Required work =
So that the copy stays text only, transcribe the data below exactly and exclude the images.

━━ Collected material ━━

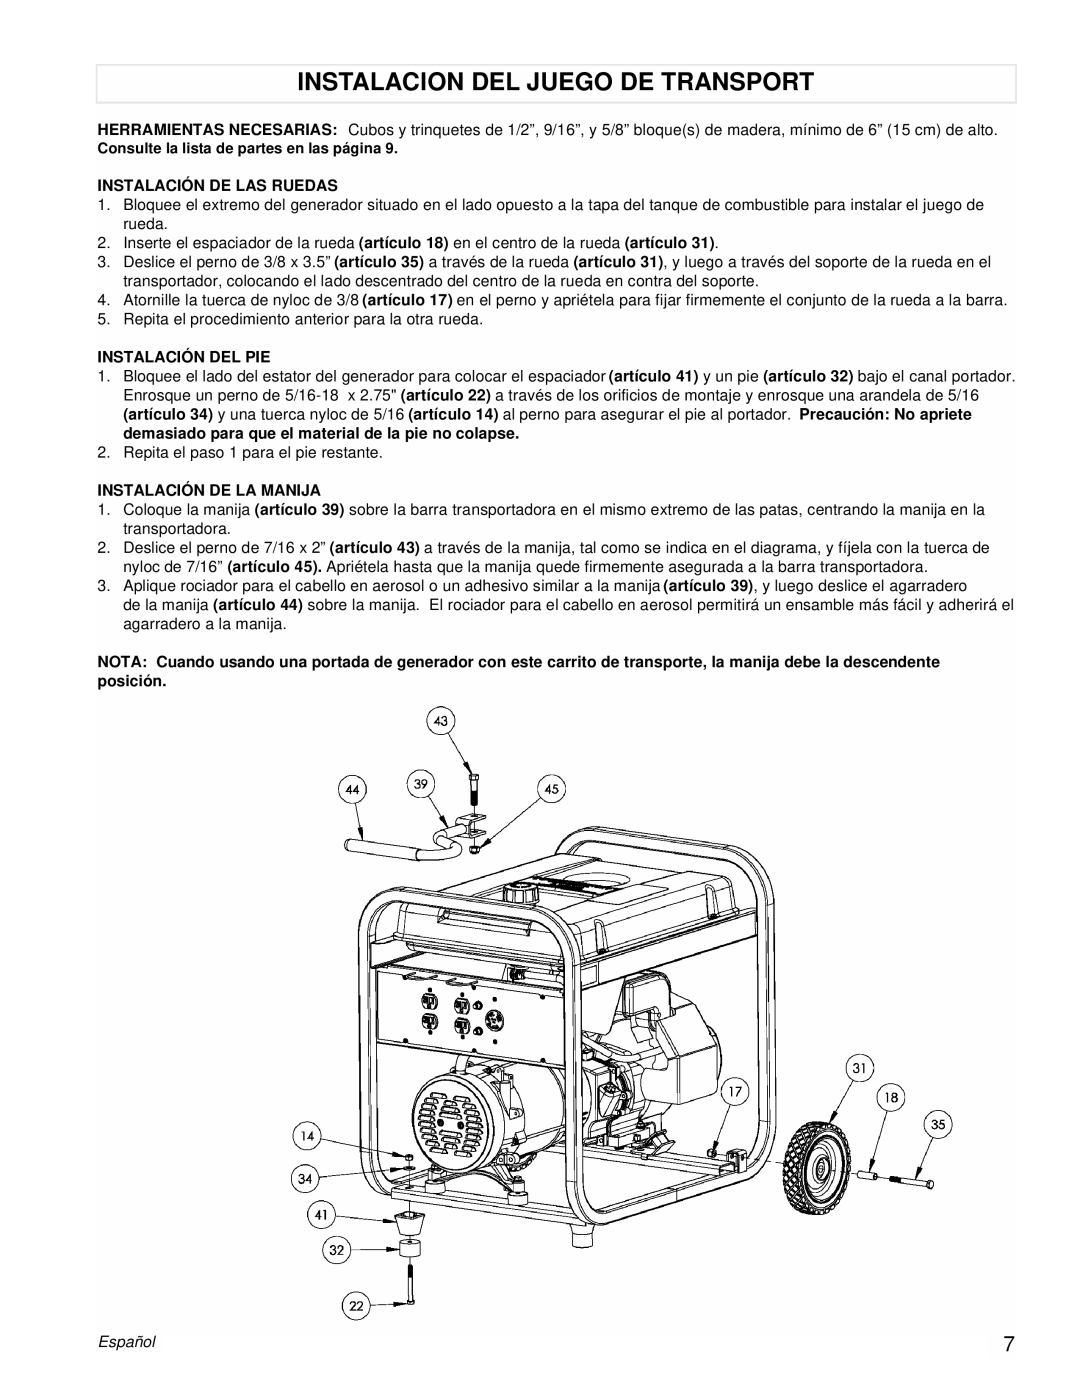 Powermate PM0525312.03 manual Instalacion Del Juego De Transport, Instalación De Las Ruedas, Instalación Del Pie, Español 
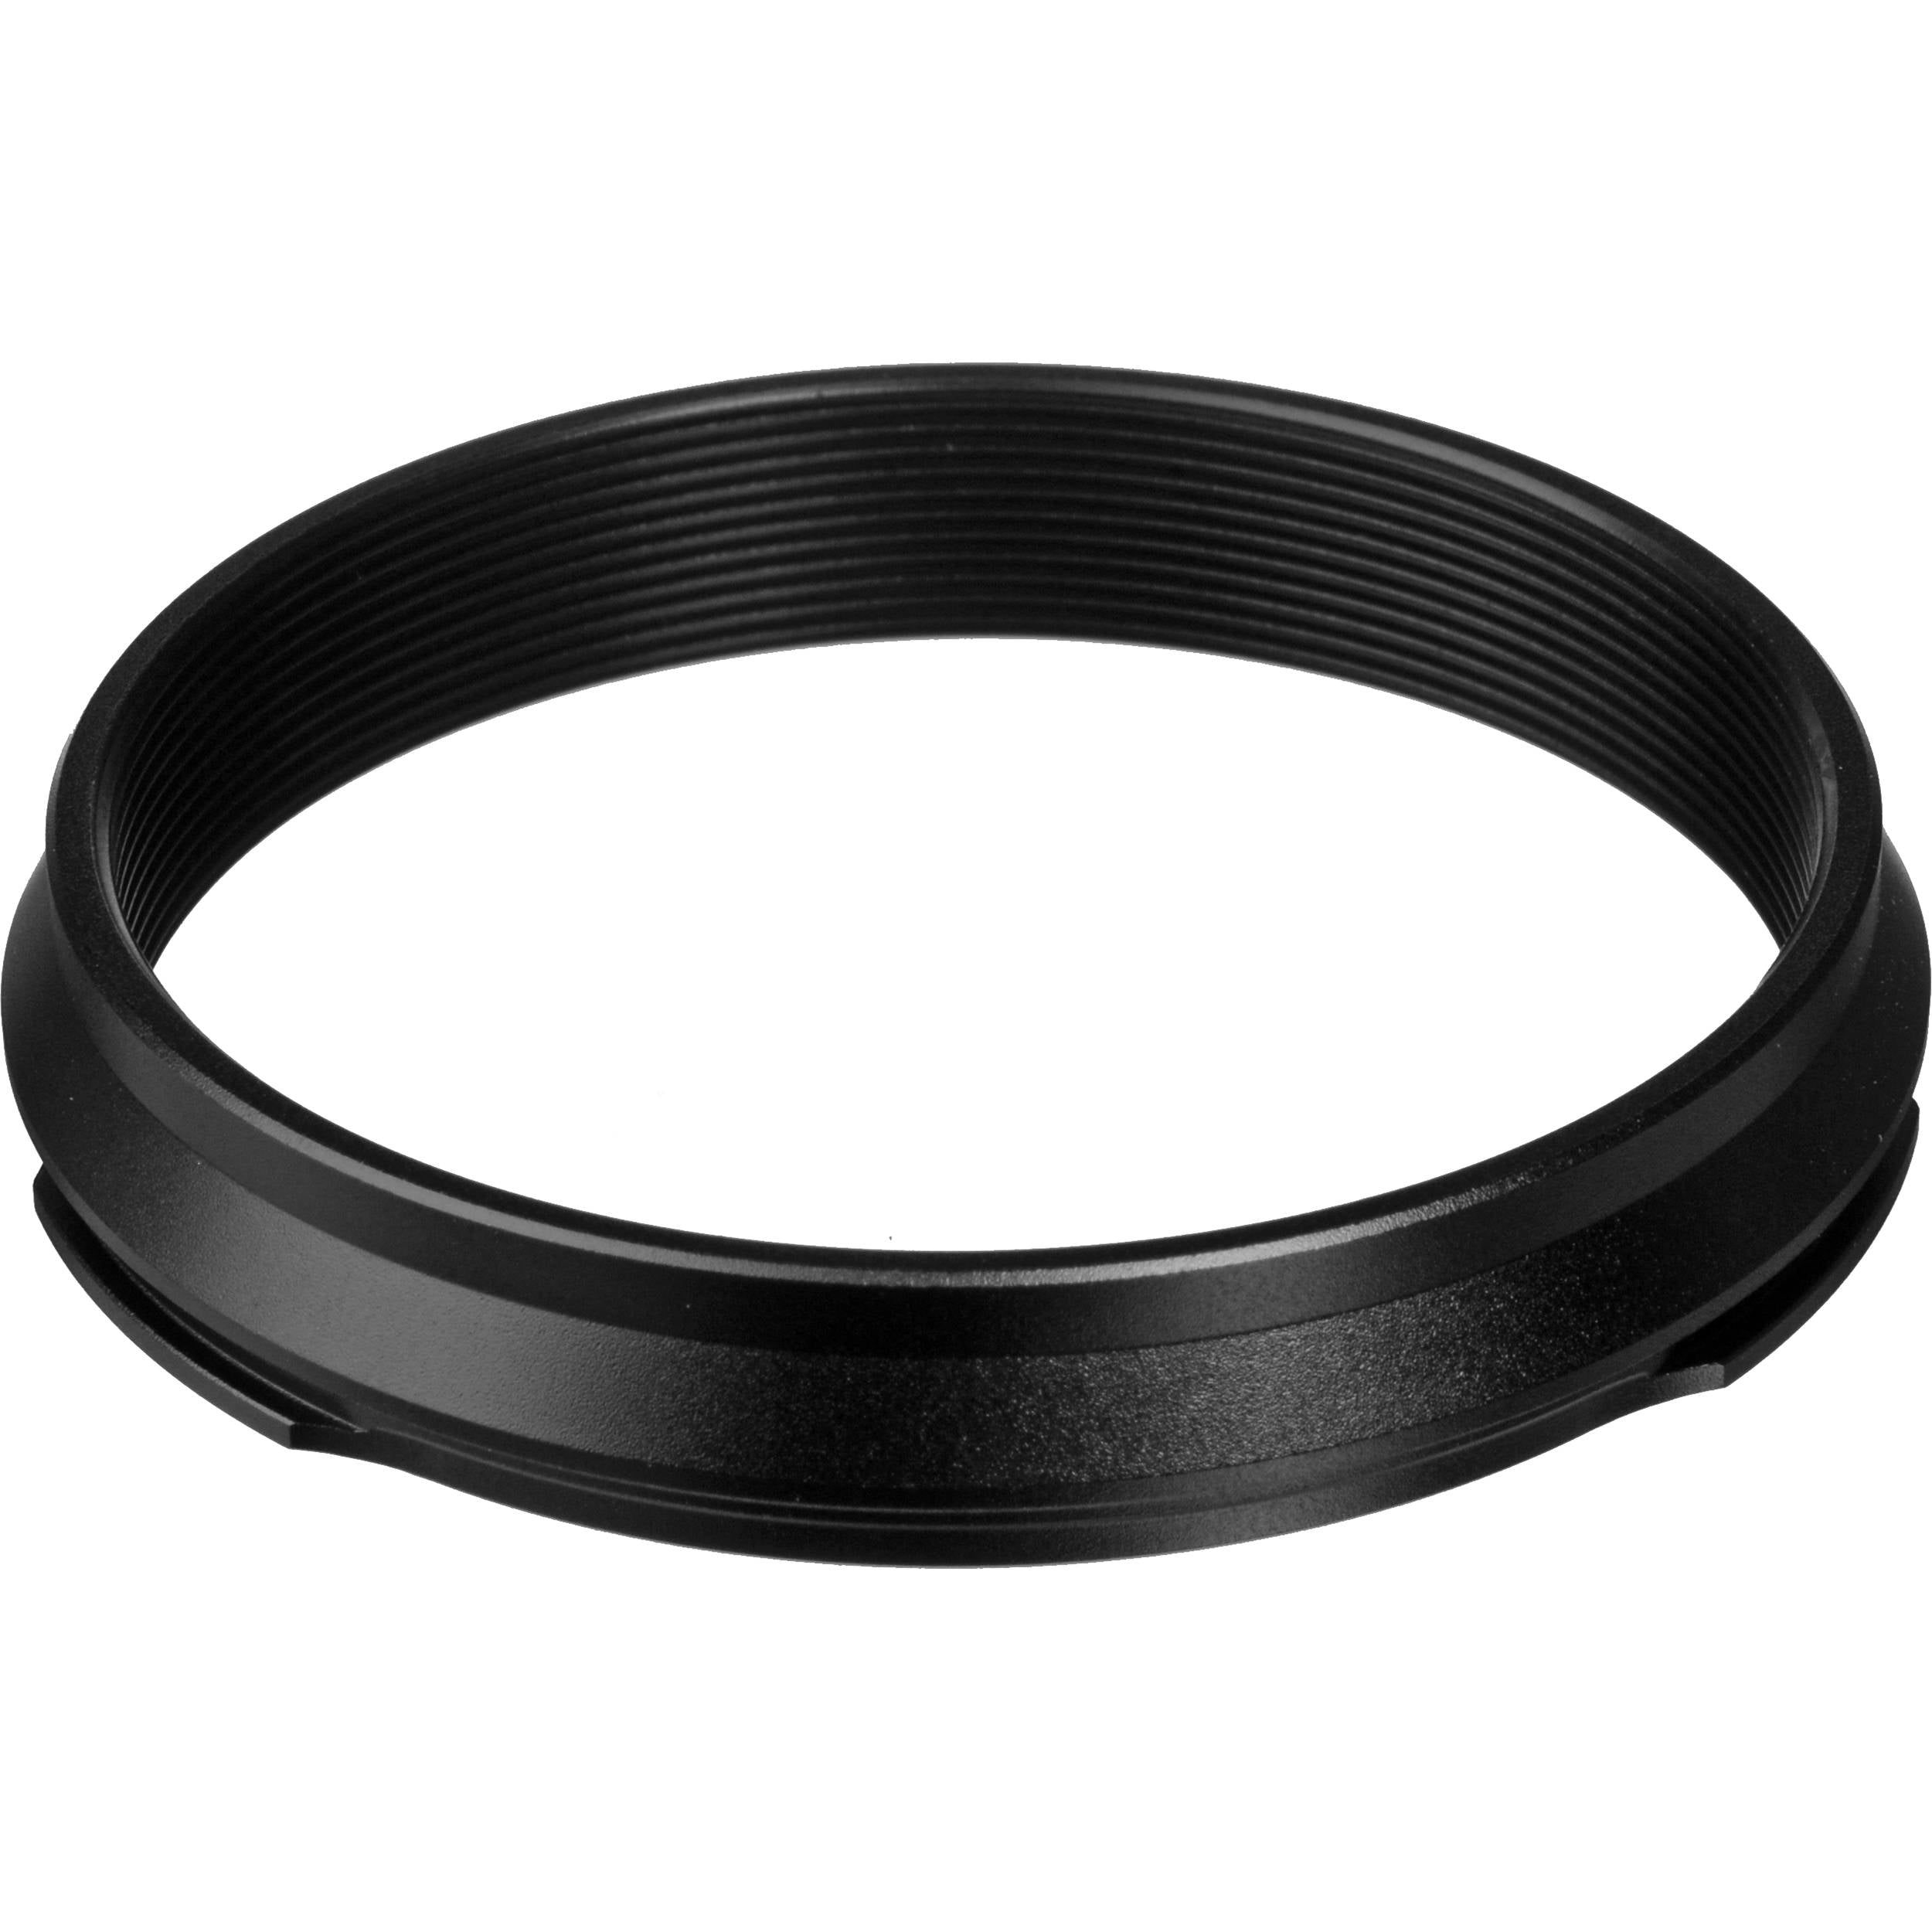 Fujifilm X100 Adapter Ring AR-X100, Black
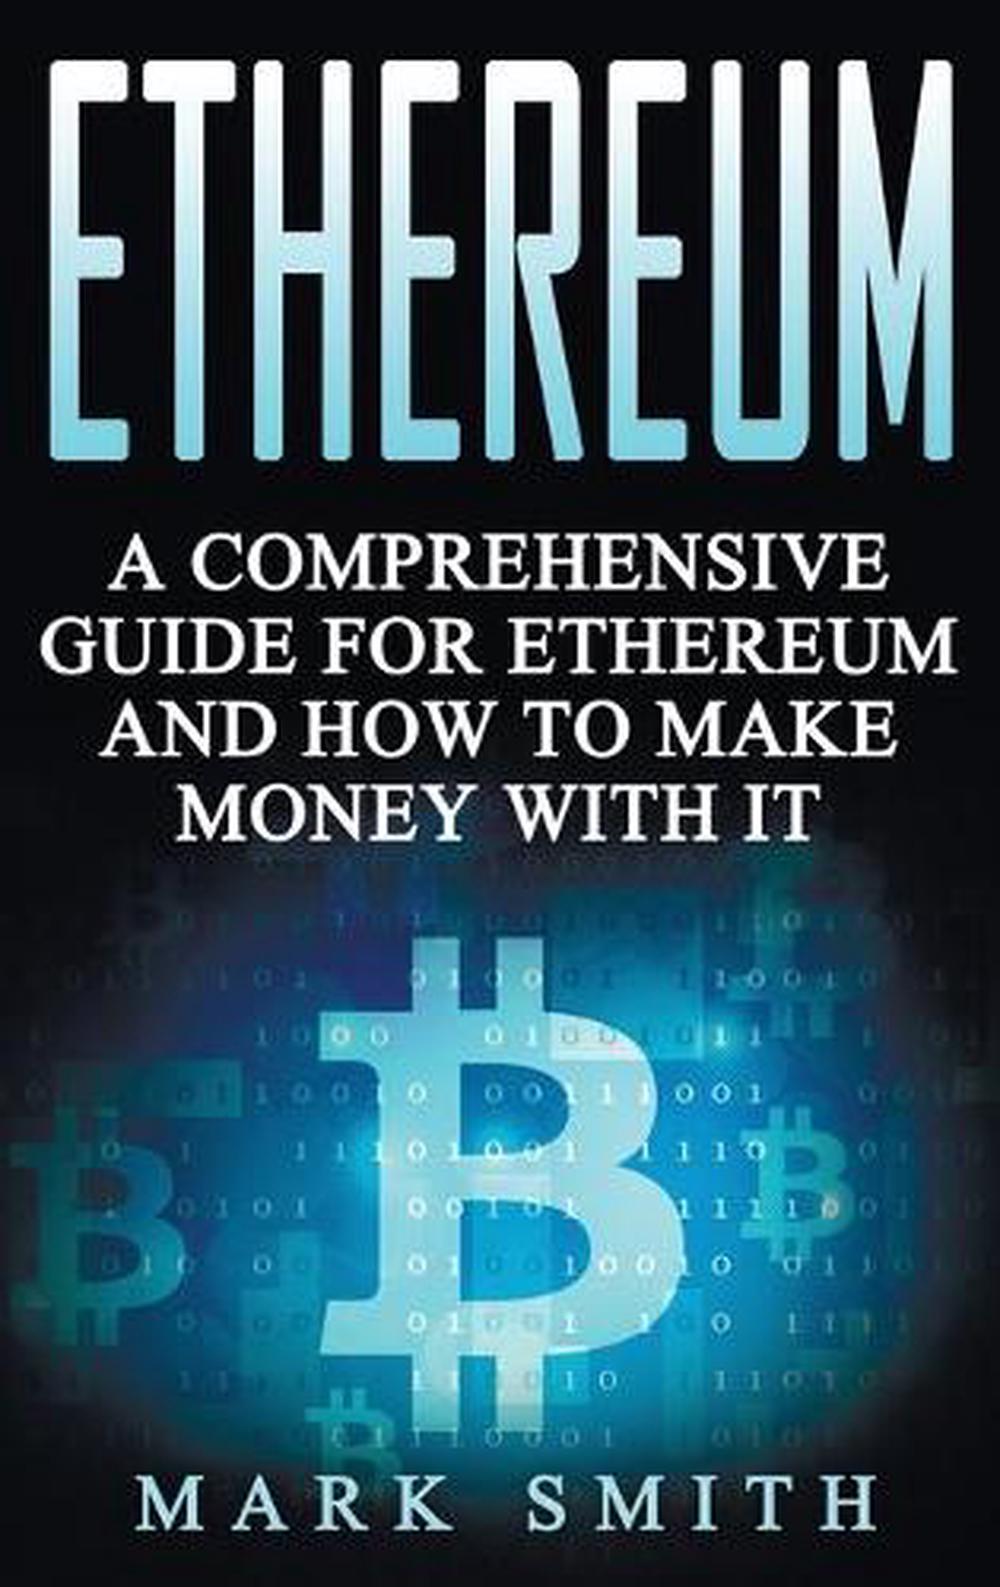 book value of ethereum

━━━

Output for this exercise =
 Powermate PM0525312.03 manual Instalacion Del Juego De Transport, Instalación De Las Ruedas, Instalación Del Pie, Español 
 Fujifilm X100 Adapter Ring AR-X100, Black
 book value of ethereum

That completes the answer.